Он был наш добрый дух луга и рыбы. Грибы и ягоды собирал он в лесу лучше нас всех и разговаривал с лошадьми, с телятами, с травами, с старой грушей и дубом — со всем живым, что росло и двигалось вокруг.

А когда мы вот время наловим волоком или топчійкою рыбы и принесем к шалашу, он, улыбаясь, укоризненно качал головой и говорил с чувством тонкого сожаления и примиренності с бегом времени:

— А-а, разве это рыба! Невесть что, не рыба. Вот когда была рыба, чтобы вы знали. Вот с покойным Серегой, пусть царствует, как пойдем было…

Здесь дед заводил нас в такие сказочные дебри старины, что мы переставали дышать и бить комаров на жижках и на шее, и тогда уже комары нас поедом ели, пили нашу кровь, наслаждаясь, и уже давно вечер поступал, и крупные сомы уже походили в Десне между звездами, а мы все слушали, раскрыв широко глаза, пока не повергались в сон в душистом сене под дубами над заколдованной рекой Десной.

Лучшей рыбой дед считал линину.

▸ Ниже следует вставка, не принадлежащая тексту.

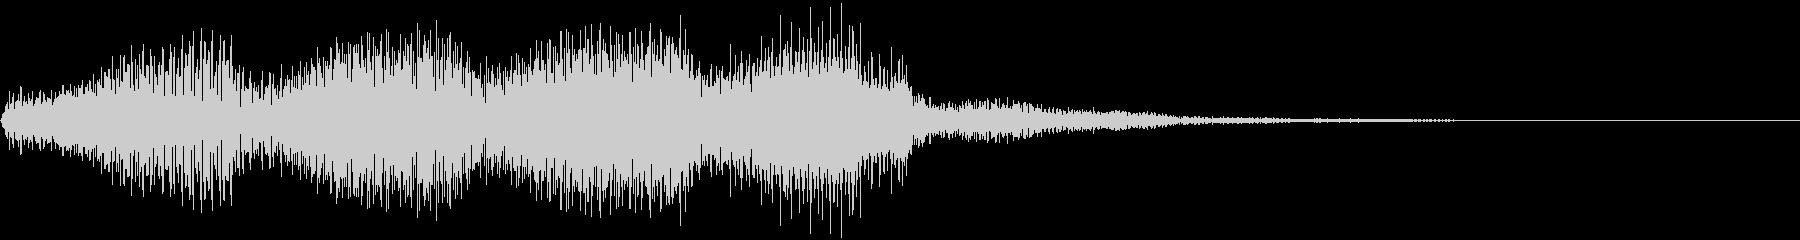 シンセパッド音 01の未再生の波形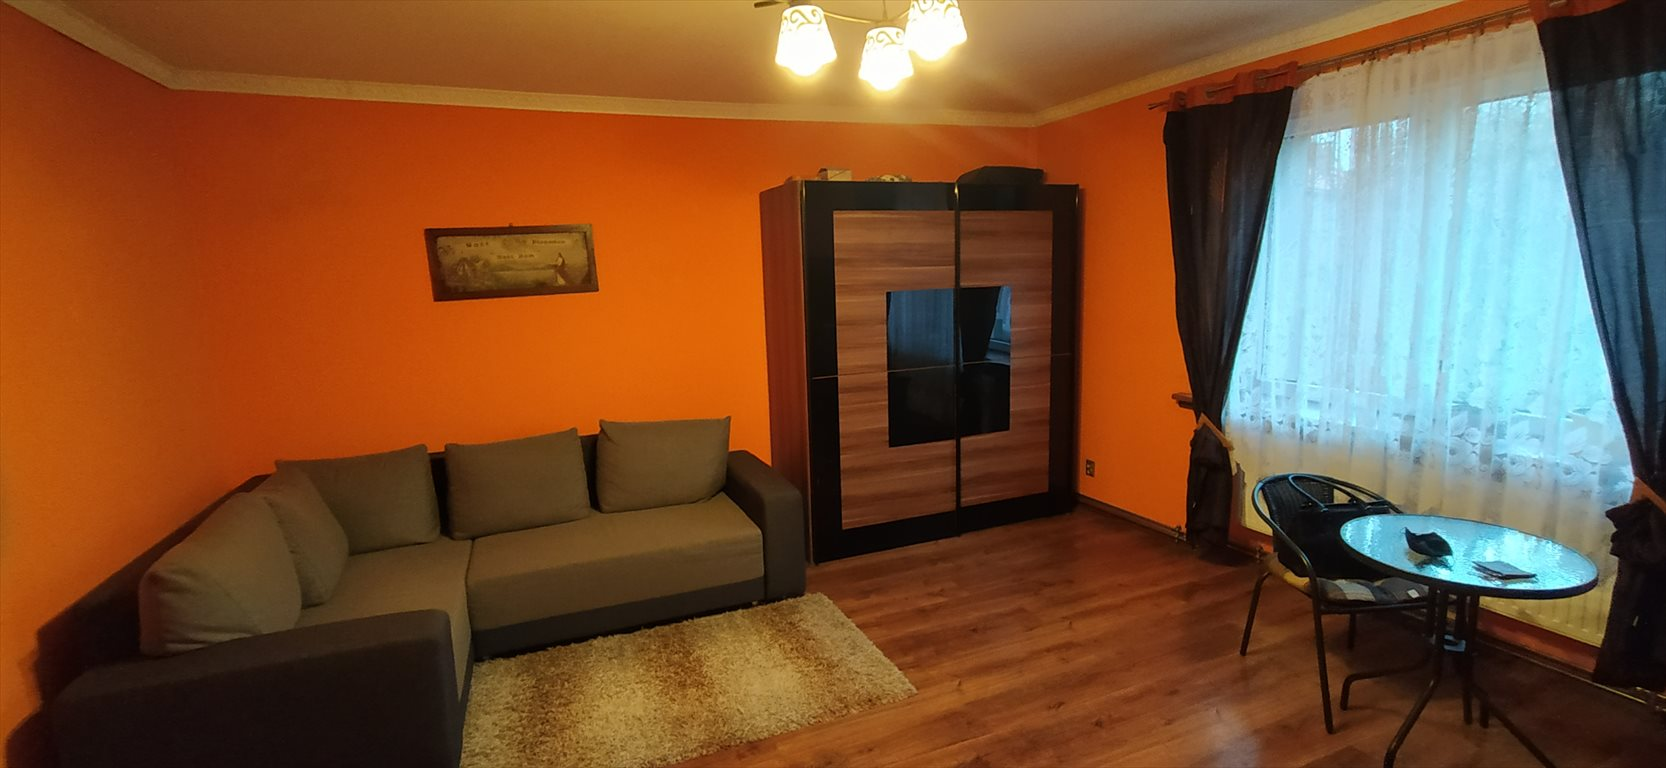 Mieszkanie dwupokojowe na sprzedaż Ruda Śląska, Ruda, Ruda, Stefana Żeromskiego  51m2 Foto 1

Он не ловил линей в озерах ни волоком, ни топчійкою, а то как будто брал их из воды прямо руками, как китайский фокусник. Они будто сами плыли в его руки. Говорили, он знал такое слово.

Летом дед частенько лежал на погребні ближе к солнца, особенно в полдень, когда солнце припекало так, что все мы, и наш кот, и собака, и куры прятались под любисток, красная смородина или в табак. Тогда ему была наибольшая радость…

Более всего на свете дед любил солнце. Он прожил под солнцем круг ста лет, никогда не прячась в холодок. Так под солнцем на погребні, круг яблони, он и умер, когда пришло его время.

Дед любил кашлять. Кашлял он так долго и громко, что сколько мы не старались, никто не мог его как следует передразнить. Его кашель слышал весь угол. Старые люди по дедовском кашля даже угадывали погоду.

Время, когда солнце хорошо припечет, он аж сыновей весь от кашля и ревел, как волк или лев, хватаясь обеими руками за штаны, где была и грыжа, и закарлючуючи кверху ноги, совсем как маленький.

Тогда Пират, что спал у деда на траве, вскакивал спросонья, убегал в любисток и с испуга лаяла уже оттуда на деда.

— И не гавкай хоть ты мне. Чего бы вот я лаял,— жаловался дед.

— Гав-гав!

— И чтобы хотя бы тебе кость в горло! Кхе-ках!..

Тысячи тоненьких трубочек вдруг заигрывали у деда внутри.

Кашель бурлил у него в груди, как лава в вулкане, долго и грозно, и очень нескоро после самых высоких нот; когда дед был уже весь синий, как цветок крученого паныча, вулкан начинал действовать, и тогда мы убегали кто куда, а вслед нам долго еще неслись деду громы и блаженное кректіння.

Убегая от дедового реву, однажды прыгнул я из-под смородины прямо в табак. Табак был высокий и густой-прегустий. Он как раз цвел большими золотыми кистями, как у попа на ризах, а над ризами носились пчелы — видимо-невидимо. Большое табачные листья сразу обплутало меня. Я упал в зеленую чащу и полез под листьями просто до огурцов.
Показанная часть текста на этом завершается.